■ **Activity**: Reproduce each record below exactly as written.

Records from a data source
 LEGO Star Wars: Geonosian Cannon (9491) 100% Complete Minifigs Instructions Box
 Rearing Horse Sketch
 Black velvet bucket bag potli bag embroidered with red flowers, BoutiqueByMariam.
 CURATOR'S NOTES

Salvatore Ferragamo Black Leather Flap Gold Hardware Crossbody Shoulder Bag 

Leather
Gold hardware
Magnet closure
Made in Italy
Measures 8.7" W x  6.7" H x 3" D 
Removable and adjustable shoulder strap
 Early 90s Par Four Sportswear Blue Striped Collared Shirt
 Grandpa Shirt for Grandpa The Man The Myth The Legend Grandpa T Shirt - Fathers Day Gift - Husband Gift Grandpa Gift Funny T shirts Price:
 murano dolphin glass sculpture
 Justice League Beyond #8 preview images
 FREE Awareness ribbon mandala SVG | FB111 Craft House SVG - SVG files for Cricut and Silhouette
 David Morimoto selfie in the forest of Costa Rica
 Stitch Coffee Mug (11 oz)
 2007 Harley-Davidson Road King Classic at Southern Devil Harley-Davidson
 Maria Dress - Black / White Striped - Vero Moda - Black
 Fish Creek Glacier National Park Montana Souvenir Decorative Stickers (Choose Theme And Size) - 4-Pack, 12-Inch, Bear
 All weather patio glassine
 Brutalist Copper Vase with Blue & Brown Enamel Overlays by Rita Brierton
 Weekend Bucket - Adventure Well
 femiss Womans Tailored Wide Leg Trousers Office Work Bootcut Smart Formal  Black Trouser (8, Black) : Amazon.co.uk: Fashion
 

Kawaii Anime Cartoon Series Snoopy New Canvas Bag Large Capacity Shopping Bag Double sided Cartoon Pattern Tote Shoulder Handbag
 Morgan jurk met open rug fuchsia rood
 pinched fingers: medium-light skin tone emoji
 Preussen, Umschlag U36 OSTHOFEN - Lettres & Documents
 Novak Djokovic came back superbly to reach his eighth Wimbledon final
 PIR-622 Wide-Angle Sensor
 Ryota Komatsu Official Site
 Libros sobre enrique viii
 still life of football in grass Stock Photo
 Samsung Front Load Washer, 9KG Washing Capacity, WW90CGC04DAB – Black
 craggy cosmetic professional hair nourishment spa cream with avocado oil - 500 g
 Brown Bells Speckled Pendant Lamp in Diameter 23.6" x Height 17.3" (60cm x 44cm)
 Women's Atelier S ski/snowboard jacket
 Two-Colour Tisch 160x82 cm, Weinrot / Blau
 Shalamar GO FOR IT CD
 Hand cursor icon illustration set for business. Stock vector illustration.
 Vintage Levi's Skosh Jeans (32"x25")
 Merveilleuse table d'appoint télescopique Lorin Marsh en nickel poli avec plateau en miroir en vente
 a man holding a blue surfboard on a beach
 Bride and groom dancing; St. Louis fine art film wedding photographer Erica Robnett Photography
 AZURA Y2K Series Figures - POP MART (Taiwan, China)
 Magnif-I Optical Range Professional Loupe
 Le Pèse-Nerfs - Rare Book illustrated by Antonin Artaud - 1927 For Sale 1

■ **Exercise solution**:
 LEGO Star Wars: Geonosian Cannon (9491) 100% Complete Minifigs Instructions Box
 Rearing Horse Sketch
 Black velvet bucket bag potli bag embroidered with red flowers, BoutiqueByMariam.
 CURATOR'S NOTES

Salvatore Ferragamo Black Leather Flap Gold Hardware Crossbody Shoulder Bag 

Leather
Gold hardware
Magnet closure
Made in Italy
Measures 8.7" W x  6.7" H x 3" D 
Removable and adjustable shoulder strap
 Early 90s Par Four Sportswear Blue Striped Collared Shirt
 Grandpa Shirt for Grandpa The Man The Myth The Legend Grandpa T Shirt - Fathers Day Gift - Husband Gift Grandpa Gift Funny T shirts Price:
 murano dolphin glass sculpture
 Justice League Beyond #8 preview images
 FREE Awareness ribbon mandala SVG | FB111 Craft House SVG - SVG files for Cricut and Silhouette
 David Morimoto selfie in the forest of Costa Rica
 Stitch Coffee Mug (11 oz)
 2007 Harley-Davidson Road King Classic at Southern Devil Harley-Davidson
 Maria Dress - Black / White Striped - Vero Moda - Black
 Fish Creek Glacier National Park Montana Souvenir Decorative Stickers (Choose Theme And Size) - 4-Pack, 12-Inch, Bear
 All weather patio glassine
 Brutalist Copper Vase with Blue & Brown Enamel Overlays by Rita Brierton
 Weekend Bucket - Adventure Well
 femiss Womans Tailored Wide Leg Trousers Office Work Bootcut Smart Formal  Black Trouser (8, Black) : Amazon.co.uk: Fashion
 

Kawaii Anime Cartoon Series Snoopy New Canvas Bag Large Capacity Shopping Bag Double sided Cartoon Pattern Tote Shoulder Handbag
 Morgan jurk met open rug fuchsia rood
 pinched fingers: medium-light skin tone emoji
 Preussen, Umschlag U36 OSTHOFEN - Lettres & Documents
 Novak Djokovic came back superbly to reach his eighth Wimbledon final
 PIR-622 Wide-Angle Sensor
 Ryota Komatsu Official Site
 Libros sobre enrique viii
 still life of football in grass Stock Photo
 Samsung Front Load Washer, 9KG Washing Capacity, WW90CGC04DAB – Black
 craggy cosmetic professional hair nourishment spa cream with avocado oil - 500 g
 Brown Bells Speckled Pendant Lamp in Diameter 23.6" x Height 17.3" (60cm x 44cm)
 Women's Atelier S ski/snowboard jacket
 Two-Colour Tisch 160x82 cm, Weinrot / Blau
 Shalamar GO FOR IT CD
 Hand cursor icon illustration set for business. Stock vector illustration.
 Vintage Levi's Skosh Jeans (32"x25")
 Merveilleuse table d'appoint télescopique Lorin Marsh en nickel poli avec plateau en miroir en vente
 a man holding a blue surfboard on a beach
 Bride and groom dancing; St. Louis fine art film wedding photographer Erica Robnett Photography
 AZURA Y2K Series Figures - POP MART (Taiwan, China)
 Magnif-I Optical Range Professional Loupe
 Le Pèse-Nerfs - Rare Book illustrated by Antonin Artaud - 1927 For Sale 1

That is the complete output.